Citation Edit

Movado Group, Inc. v. Matagorda Ventures, Inc., 2000 U.S. Dist. LEXIS 18196 (S.D.N.Y. Dec. 11, 2000).

Factual Background Edit

Plaintiff, a well-known watch manufacturer, sued defendants, operators of an online watch-retail store, alleging assorted trademark and unfair competition claims based on: (1) defendants' reselling of plaintiff's MOVADO and ESQ. watches with a nonfactory warranty, and (2) defendants' use of plaintiff's CONCORD mark on their website and associated metatags when defendants did not offer CONCORD watches.

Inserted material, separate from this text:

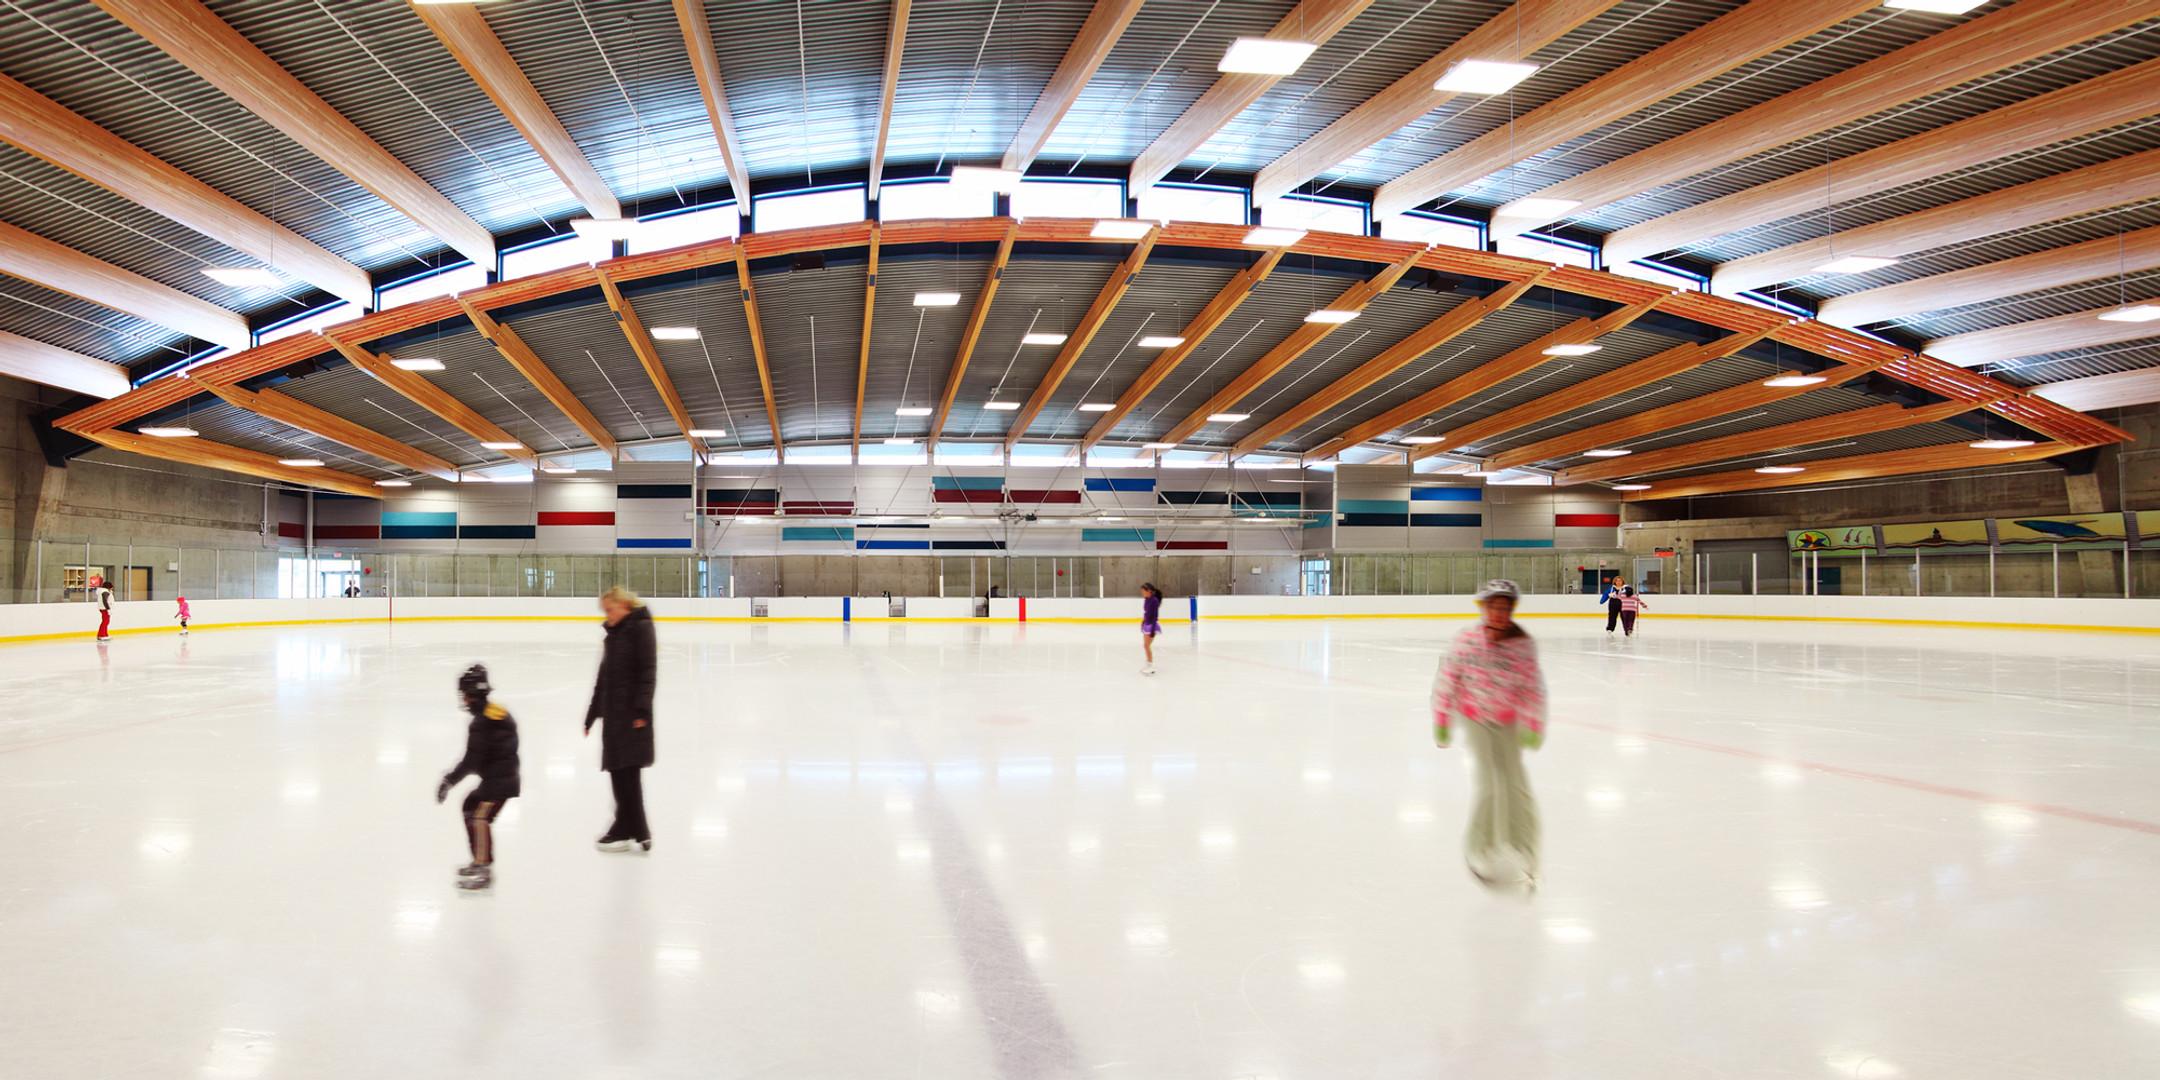 5_Trout-Lake-Ice-Rink.jpg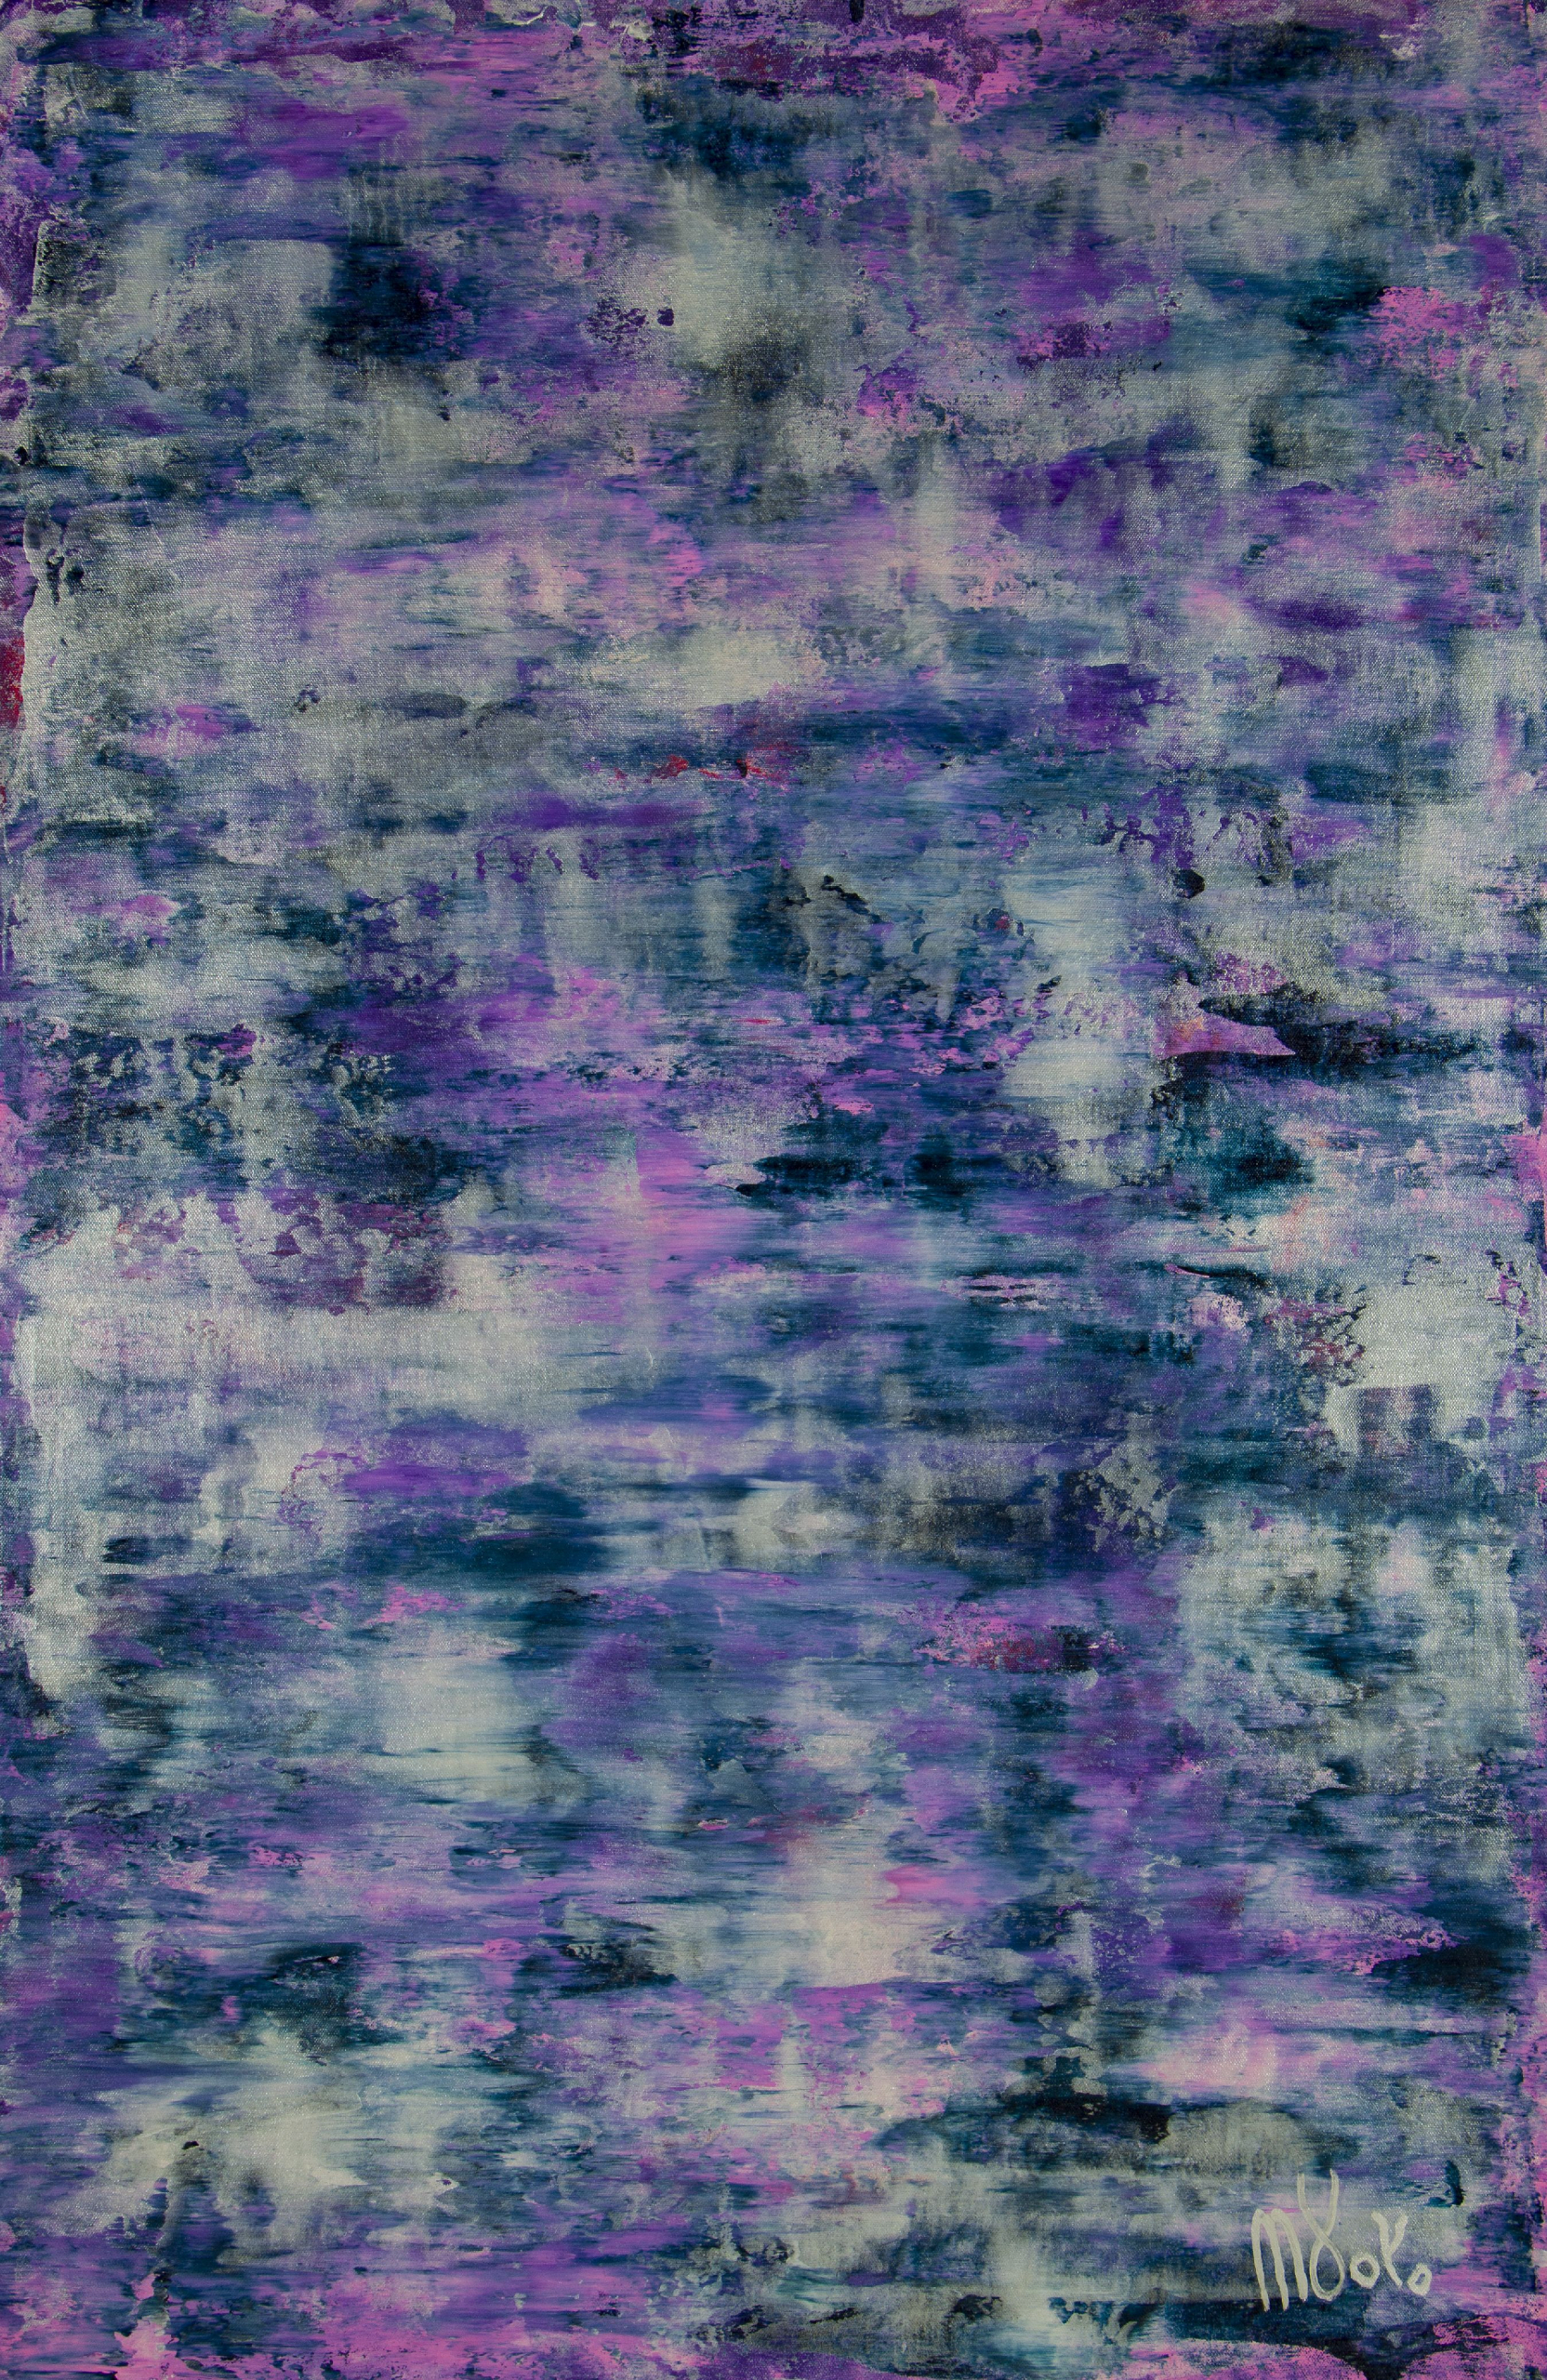 Silver Clouds (Over Purple) / (2020) by Nestor Toro

Trial Court Proceedings Edit

On cross-motions for summary judgment, the court denied both motions on plaintiff's first claim, finding a genuine issue of fact of whether defendants' sales of MOVADO and ESQ. watches were "authorized" because defendants purchased the watches from authorized dealers that allegedly resold them with plaintiff's knowledge.

But the court granted plaintiff's motion for summary judgment on its second trademark claim regarding defendants' unauthorized use of its CONCORD mark. Defendants' listing of the CONCORD watches on its website as one of the watches available for sale, despite the fact that it did not sell those watches, was likened to the classic "bait and switch" scheme. Defendants advertised the CONCORD watches on its site, with the hope of attracting customers who would purchase other available watches.

The court denied summary judgment, however, on plaintiff’s claim concerning defendant's use of the CONCORD mark in metatags, because plaintiff failed to present evidence that the CONCORD name was actually used in metatags associated with the defendants' website.